Overall, Substance-related Disorders (OR: 2.44 [95% CI: 2.33–3.02]), Bipolar Disorders (OR: 1.77 [95% CI: 1.71–1.85]), Depressive Disorders (OR: 1.57 [95% CI: 1.53–1.61]), Alcohol-related Disorders (OR: 1.42 [95% CI: 1.34–1.53]), Attention-deficit/Conduct/Disruptive Behavior Disorders (OR: 1.23 [95% CI: 1.19–1.27]), Adjustment Disorders (OR: 1.21 [95% CI: 1.17–1.25]), Suicide Attempt and intentional Self-inflicted Injury (OR: 1.17 [95% CI: 1.09–1.26]), Miscellaneous Mental Disorders (OR: 1.07 [95% CI:1.01–1.13]), Anxiety Disorders (OR: 1.05 [95% CI: 1.02–1.09]) were associated with higher adolescent pregnancy incidence (S1 Fig). However, patients with Disorders Usually Diagnosed in Infancy, Childhood, or Adolescence (OR: 0.52 [95% CI: 0.46–0.60]) or Developmental Disorders (OR: 0.73 [95% CI: 0.63–0.83]) exhibited lower pregnancy rates when compared to adolescents without any diagnosed mental disorders (S1 Fig).
Discussion
This was the first and largest retrospective cohort study to estimate pregnancy rates for different pre-existing mental disorders among adolescents. Our analysis of this representative sample of private insurance enrollees demonstrated that adolescents with pre-existing mental disorders had disproportionately higher pregnancy rates than their peers without such disorders.
Adolescents with mental disorders characterized by risk-taking behaviors including Substance-related Disorders, Alcohol-related Disorders, Bipolar Disorder, and Attention-deficit/Conduct/Disruptive Behavior Disorders had relatively high pregnancy rates. The results suggest that a large number of pregnancies in adolescents may be influenced by the effects of underlying psychiatric conditions on mood, behavior, and decision-making or treatment.

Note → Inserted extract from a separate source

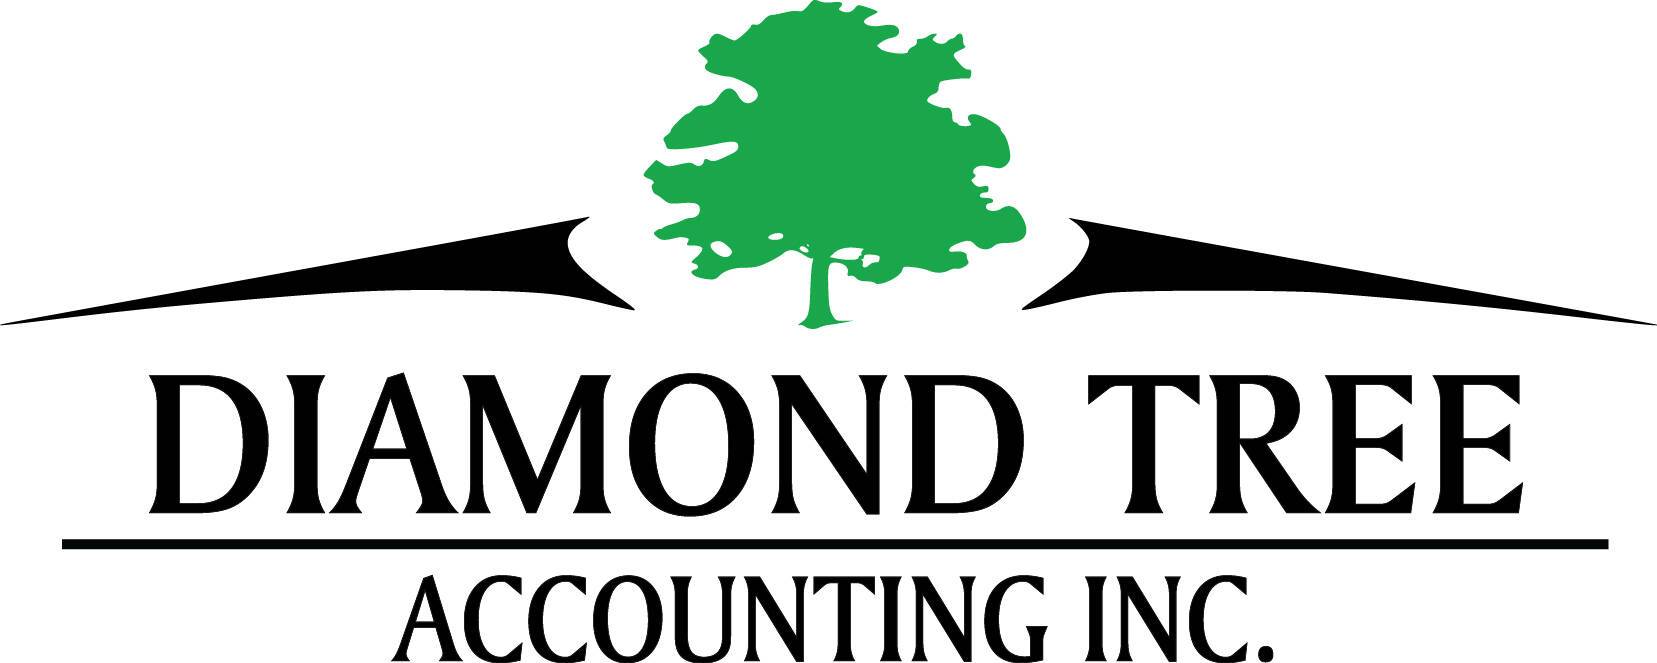 Diamond Tree Accounting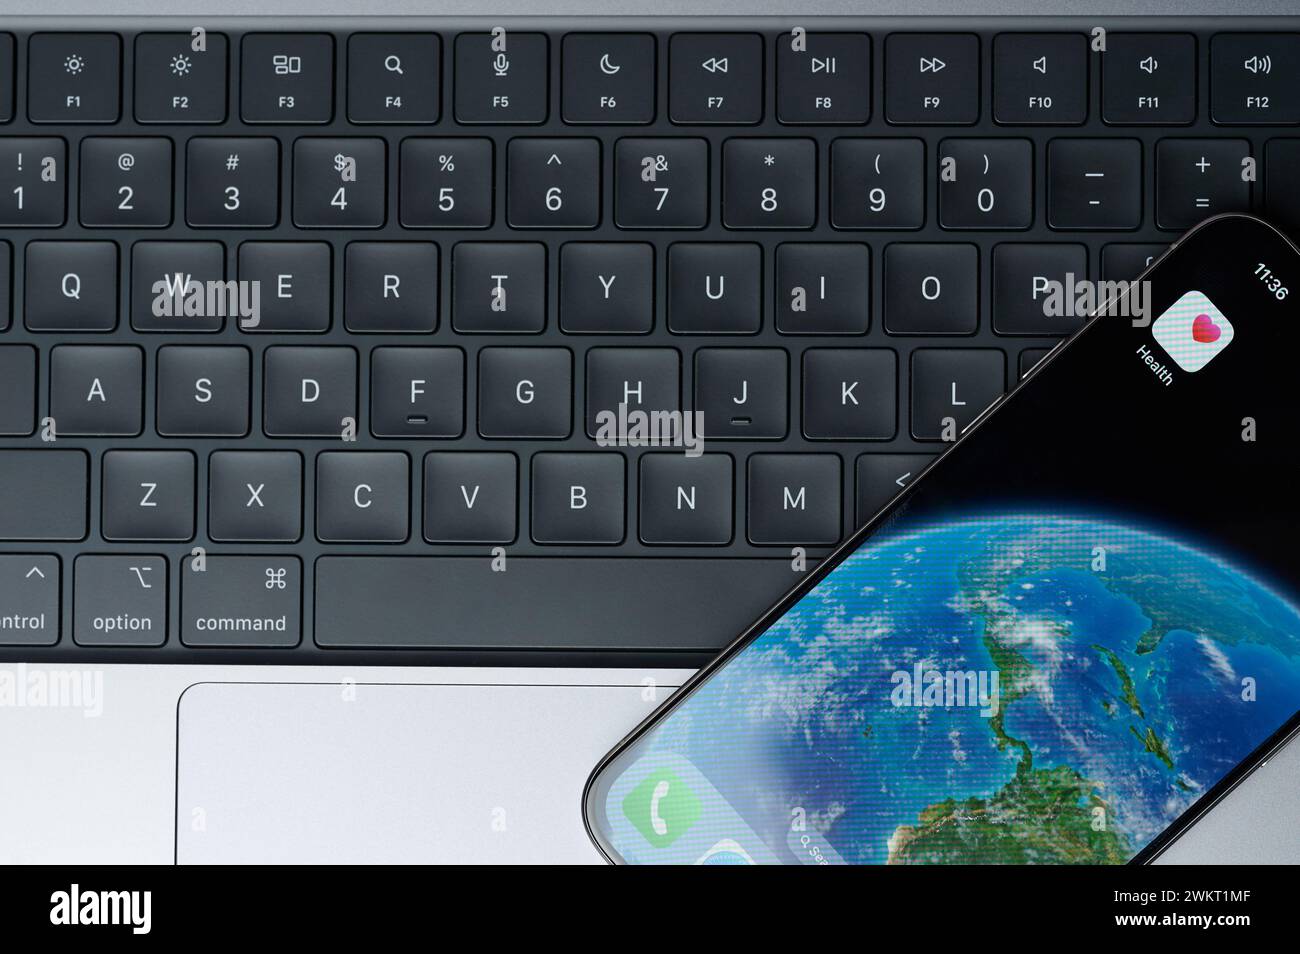 New York, USA - 20. Februar 2024: Apple Health App für iphone Smartphone Bildschirm mit Tastatur Hintergrund Stockfoto

While the reasons for high adolescent pregnancy rates in individuals with mental disorders were not examined in this study, our study confirmed that mental disorders and pregnancy frequently coexist in adolescents and the pregnancy rates were higher among adolescents with certain mental disorder types.
The coexistence of mental disorders and pregnancy among adolescents underscores the need for public health interventions that extend beyond the healthcare system. These include promoting mental health awareness, improving access to mental health services, enhancing sexual and reproductive health education, and providing comprehensive and effective support for pregnant adolescents with mental disorders.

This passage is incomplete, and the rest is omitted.